= 2010 Air Untuk Rakyat rally =

The 2010 Air Untuk Rakyat rally was a rally held in Kuala Lumpur, Malaysia, on 5 December 2010. The rally organiser, the Air Untuk Rakyat movement and federal opposition Pakatan Rakyat, had called the protest regarding the privatisation of water management in Selangor state which surrounds the capital, Kuala Lumpur and the federal government's bailout of SYABAS, a water distribution firm controlled by associate of the UMNO-led federal government crony Rozali Ismail. A secondary objective of the rally was to hand over a petition with over 250,000 signatures to the King Tuanku Mizan Zainal Abidin to intervene against the privatisation of the water services in the state at the Istana Negara.

According to various estimates the rally attracted between 2,500 to 10,000 people.
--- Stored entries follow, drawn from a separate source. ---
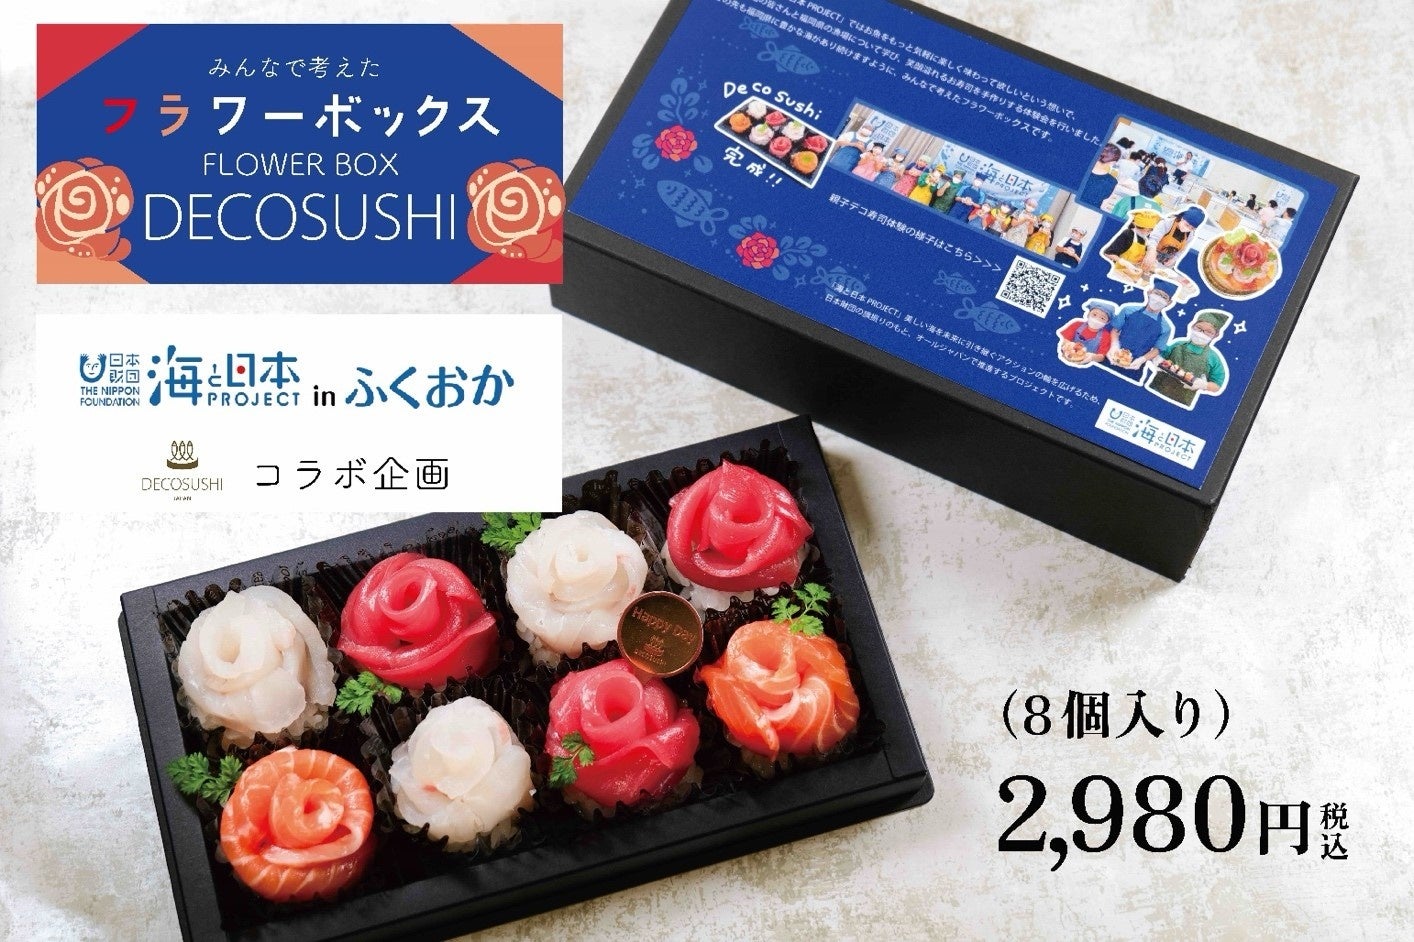 親子デコ寿司教室で子どもたちが考案した 海と日本PROJECT「フラワーボックスデコ寿司」を発売！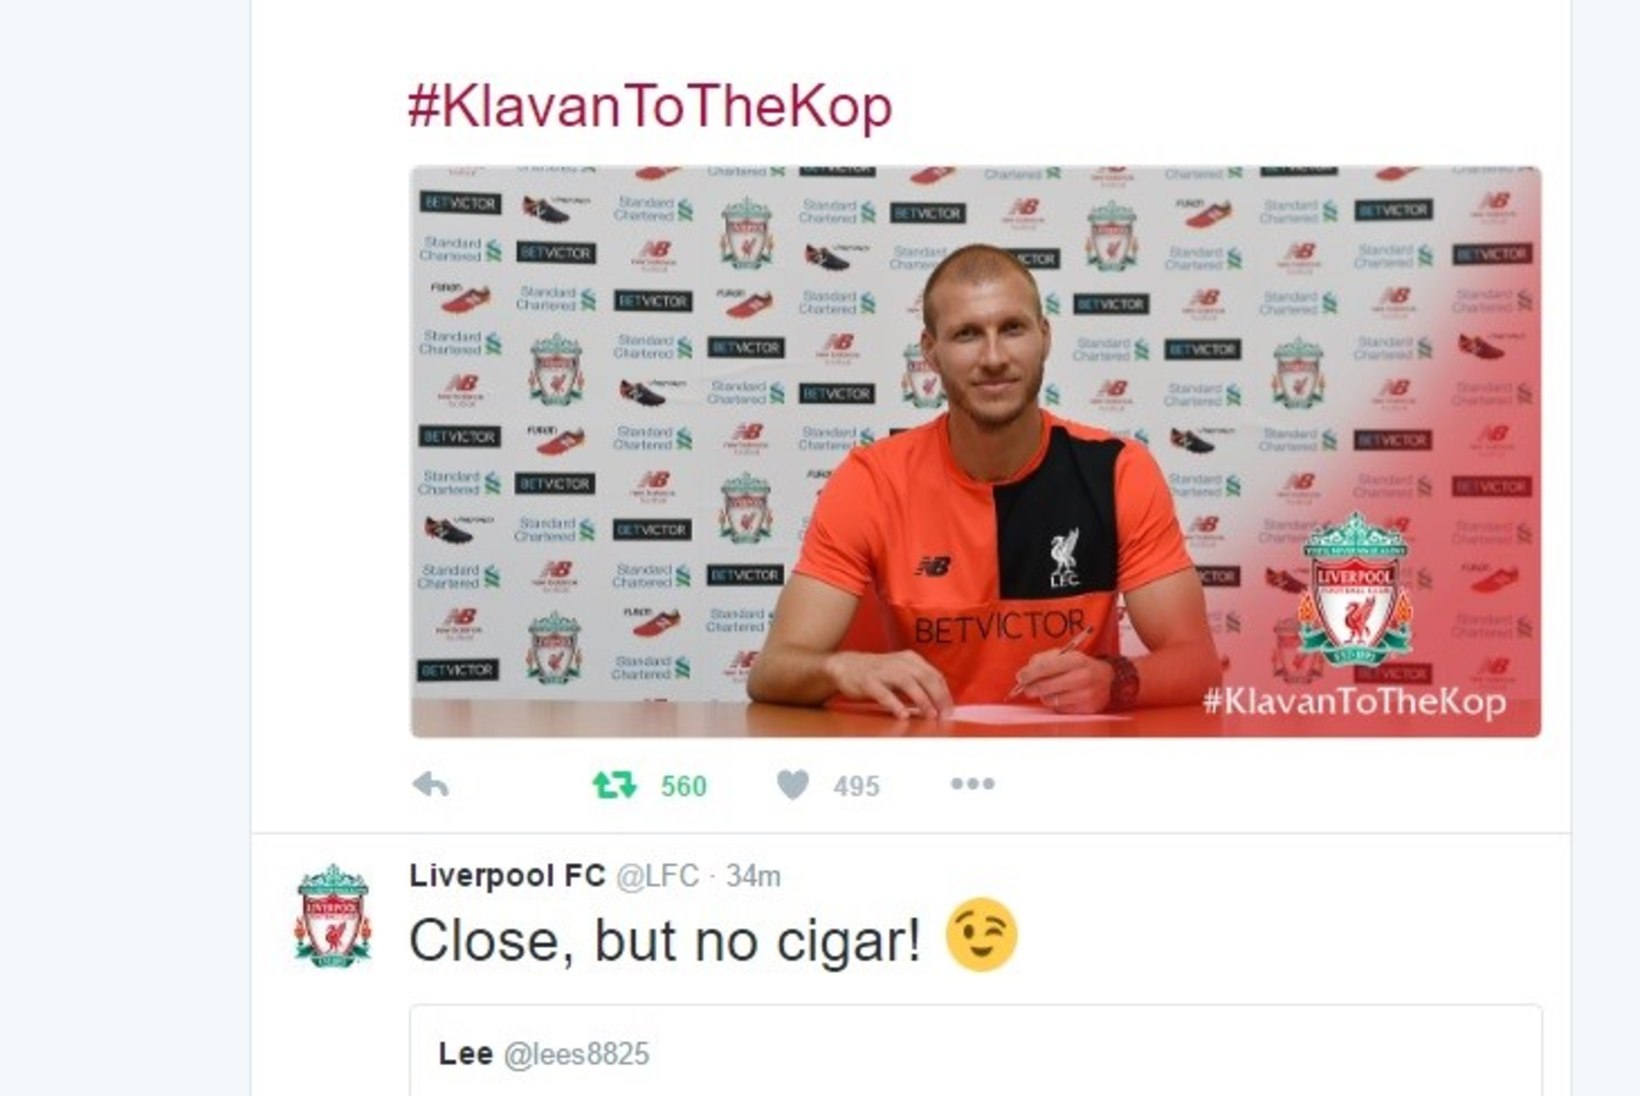 Liverpool viskas Klavani üleminekuga seoses Twitteris väikese nalja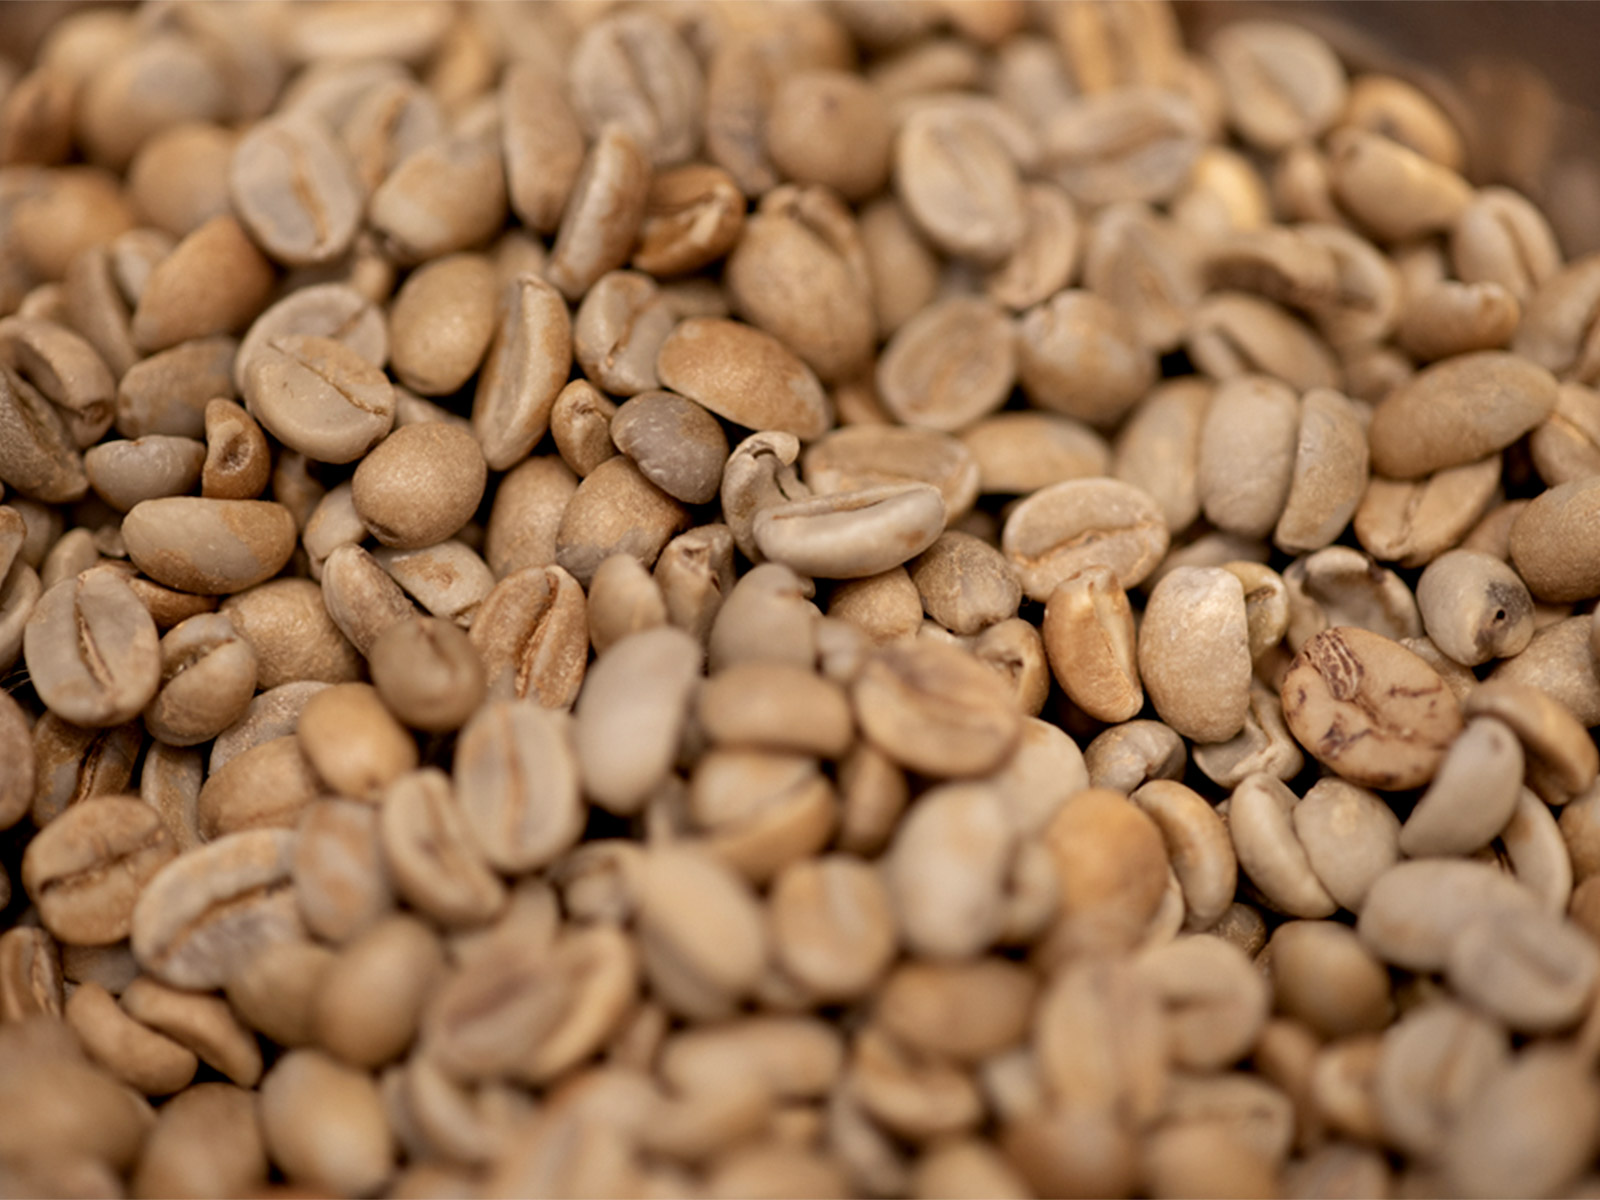 平らなコーヒー豆と、まん丸のコーヒー豆。 | yaunn | 毎日使うモノのことを知る、選ぶ力を磨く。

The rally started gathering outside the National Mosque in Kuala Lumpur at 9 o'clock, early Sunday morning on 5 December 2010.

== Police actions ==

All the roads leading to Istana Negara and the National Mosque were guarded and blocked a day before by police causing a massive traffic jams in various parts of the city. At least 60 people were arrested by the Malaysian police who considered the gathering illegal. The police used tear gas and water cannons to disperse the crowd.